The problem can be recreated with this code:
n=10
x=rep(seq(-3,3,l=n), 2)
z=c(rep(1, 10), rep(0, 10))
set.seed(1515)
y <- (x<0)*x/2 + 1 + 0.5*z + rnorm(x,sd=0.15)
segm <- segmented(lm(y ~ x + as.factor(z)), ~ x, psi=0.5)
newdf <- data.frame(expand.grid(x=seq(-3, 3, 0.5), z=c("1", "0")))
newdf$p1 <- predict(segm, newdata = newdf)
plot(newdf$x, newdf$p1)
You can see that the predict function returns the exact same value irrespective of the z variable value.
I would have expected the effect of the z variable to be included.
I have tried extracting the components of the prediction with type="terms"
which is what is in the package documentation but this doesn't seem to work either:
Error in match.arg(type) : 'arg' should be one of “link”, “response”
In the version I have, (I know some in the comments couldn't replicate the problem) the problem appears to be when the function identifies the variables and corresponding coefficients to include in the prediction (you can follow along using debugonce(predict.segmented)
until line 150-151:
nomiOK <- intersect(names(estcoef.noV), colnames(X.noV))
The column names of X.noV
are the variable names in newdata
and the names of estcoef.noV
are the coefficient names. In the data, the variable is z
, but the corresponding coefficient name is z1
, so this doesn't work. Here are a couple of examples to show how this operates.

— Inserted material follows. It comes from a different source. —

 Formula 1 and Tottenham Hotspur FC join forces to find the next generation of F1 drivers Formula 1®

Here's a way you could make it work. First, we'll build your data:
library(segmented)
n=10
x=rep(seq(-3,3,l=n), 2)
z=as.factor(c(rep(1, 10), rep(0, 10)))
set.seed(1515)
y <- (x<0)*x/2 + 1 + 0.5*(z == 2) + rnorm(x,sd=0.15)

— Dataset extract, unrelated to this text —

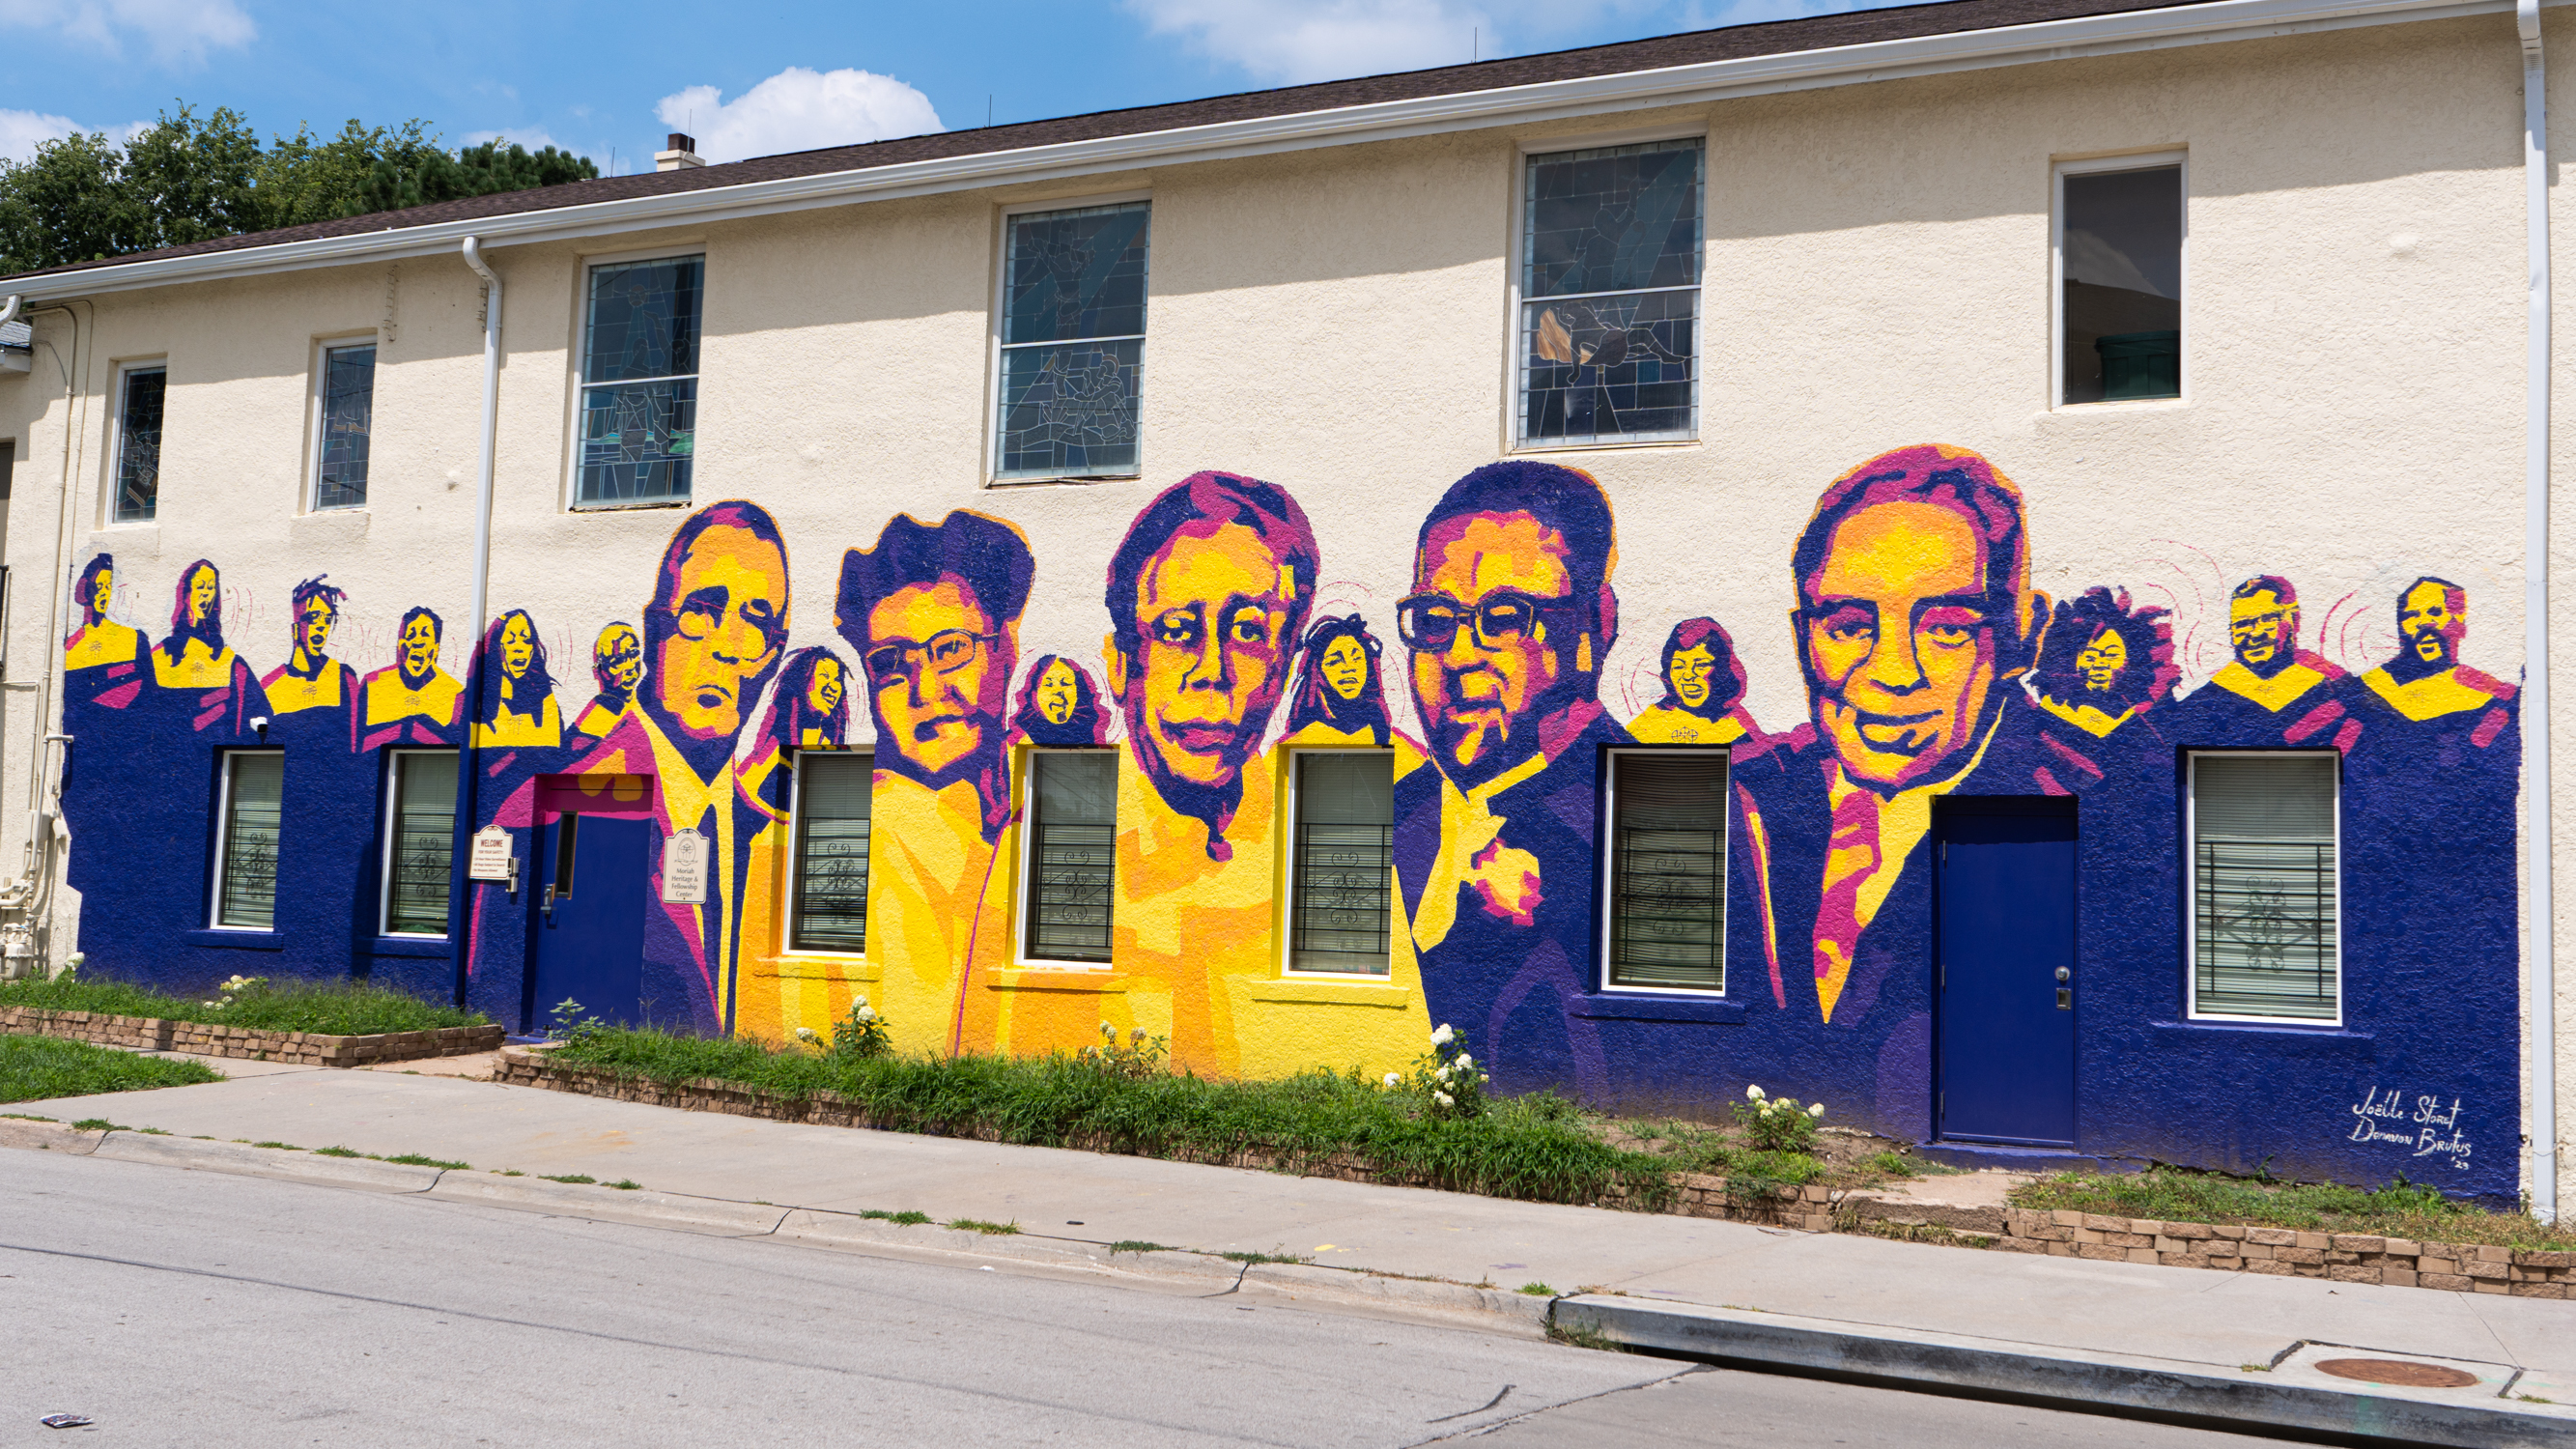 A view from the street of a multicolor mural of church leaders and choir memebers on the side of Mount Moriah Church

dat <- data.frame(x=x, z=z, y=y)
Now, use the same segmented()
call, but save the linear model that is used as input to segmented()
as an object - you can do this inline.
segm <- segmented(lmod <- lm(y ~ x + z, data=dat), ~ x, psi=0.5)
Generate your new data as before, making z
the appropriate factor.
newdf <- data.frame(expand.grid(y = 0,
x=seq(-3, 3, 0.5),
z=factor(1:2, labels=c(0,1))))
Here is where the difference comes - you also need to make the model matrix for the input linear model using the new data frame as the data. Note, you have to put values in the new data frame for the dependent variable, but they can be anything as they are not used in the construction of the model matrix. That's why I used y=0
above.
X <- model.matrix(lmod, data=newdf)
Now, attach to newer
all the columns from X
that aren't already there. You need to do this because the function checks that all variables in the formula are there (e.g., z
has to be in the data), but later on when the calculations are done, z1
will also have to be there.
newdf <- cbind(newdf, X[,setdiff(colnames(X), names(newdf))])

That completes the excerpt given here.